Pooka’s office door was closed. I rapped on it and someone yelled, “Go away!”
“That sounds like Pooka,” Lula said. “Hey, baggy pants,” she yelled back. “Open the door.”
The door was wrenched open and Pooka glared out at us. “I’m busy.”
“How busy could you be in those pajamas?” Lula asked him.
Pooka looked down at his pants. “These aren’t pajamas. These are dhoti.”
“Doody?”
“Dhoti. They’re Indian.”
“Did the necklace tell you to wear them?” Lula asked.
“The amulet is more effective when my boys can breathe.”
“That makes sense,” Lula said. “I bet there’d be a lot less aggression in the world if everybody’s boys had some breathing room. I mean, how can you be happy when your nuts are all cramped together? One of the Zeta people told us you were the house dude. You ever see anyone vomiting up cockroaches there?”
“No.”
“Are you sure?”
“I would have remembered.”
“I’m still looking for Ken Globovic,” I said to Pooka. “Who were his close friends?”
“I don’t know. I have more important things to do than keep track of Globovic’s friends.”
“Like what?” Lula asked.
“Like anything. Anything would be more important than paying attention to Ken Globovic’s every move.”
“Not to us,” Lula said. “We gotta find him or we don’t get paid.”
“Not my problem,” Pooka said. “Get out of my office.”
“Nuh-unh,” Lula said. “I’m not leaving until you help us find Gobbles.”
“I’m calling security,” Pooka said.
Lula leaned forward. “You make one move to that phone, and I’m gonna sit on you until you’re a grease spot on the floor.”
“I have research to do,” Pooka said. “You’re wasting my valuable time.”

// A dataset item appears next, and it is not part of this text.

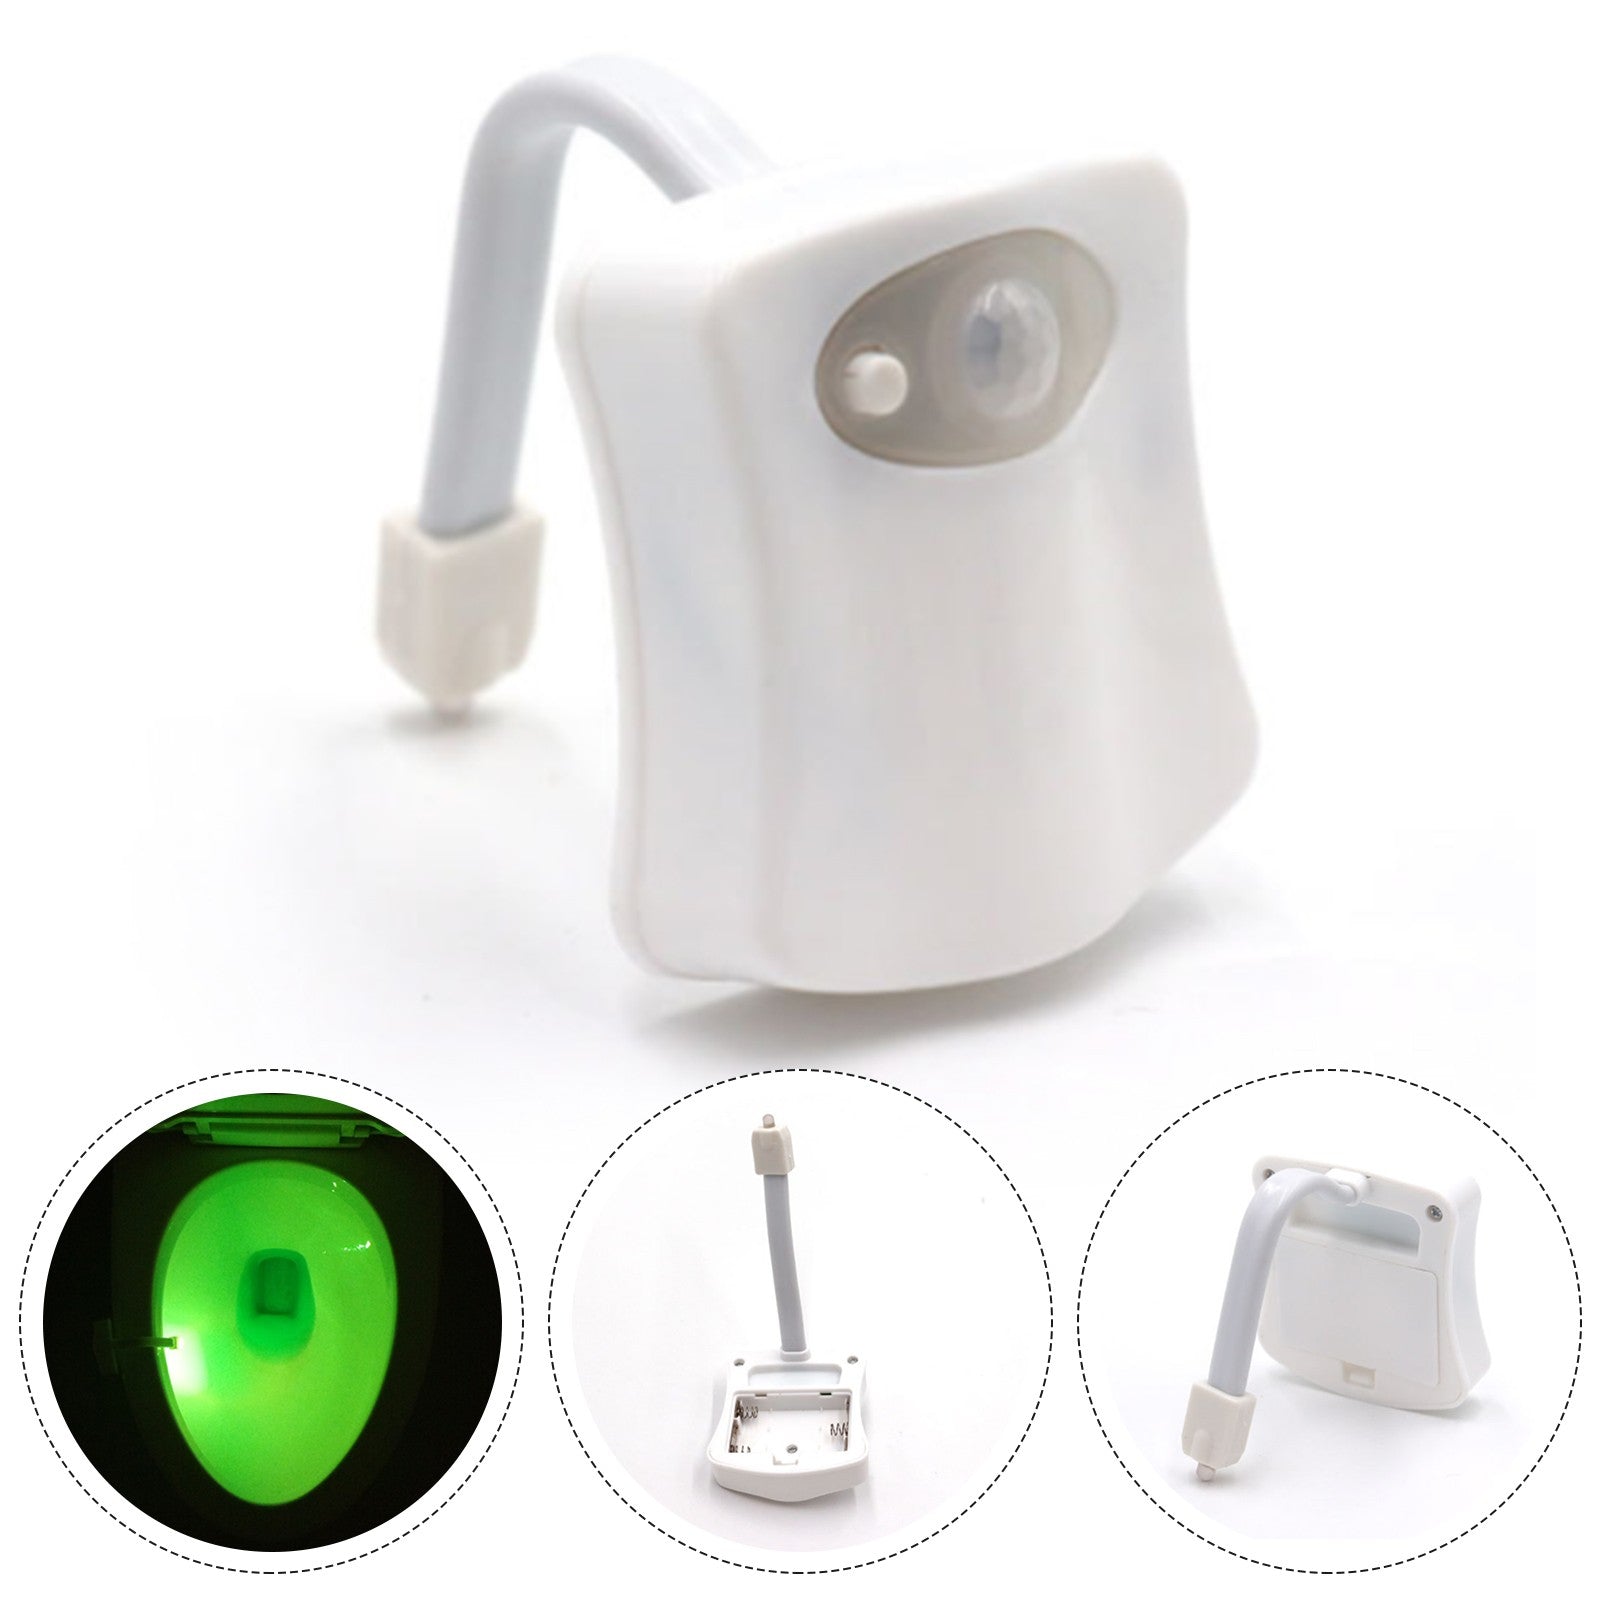  LED Toilet Night Light with 16 Colors.

“Now we’re getting somewhere,” Lula said. “What kind of research? Are you working on global warming?”
“No.”
“Then your research isn’t so important, is it?”

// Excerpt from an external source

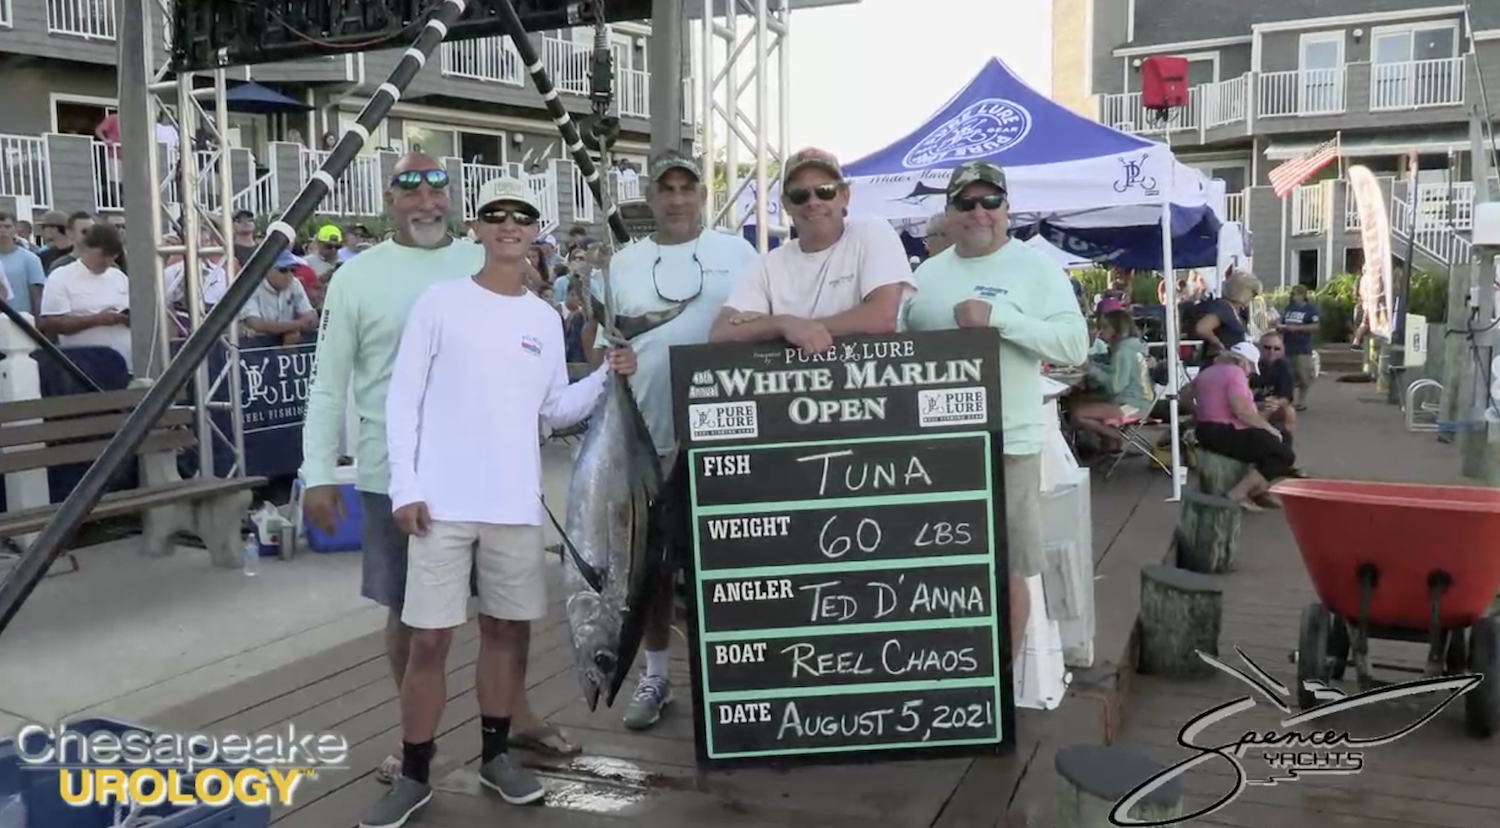 60 Pound Tuna Wins $80,000 on Day 4 at the 2021 White Marlin Open

“Global warming is a hoax. It’s an example of one more fraud fed to the American people by its corrupt government,” Pooka said.
“You shouldn’t be talking about the government like that,” Lula said. “It’s disrespectful. And they might come get you and lock you up.”
Pooka stared at Lula. “Have you heard something?”
“Not exactly,” Lula said. “It’s more I get these premonitions on account of you sound like a nut.”
“Brian Karwatt,” Pooka said.
“What about him?” I asked.
“Globovic hung out with Brian Karwatt. Now get out of my office.”
“Yeah, but I got a premonition about the cellar at the Zeta house,” Lula said. “I think Gobbles might be hiding out there.”
“He’s not,” Pooka said. “I was at the house last night and Gobbles wasn’t in the cellar.”
“He might have slipped in this morning,” Lula said. “I’ve got one of those feelings.”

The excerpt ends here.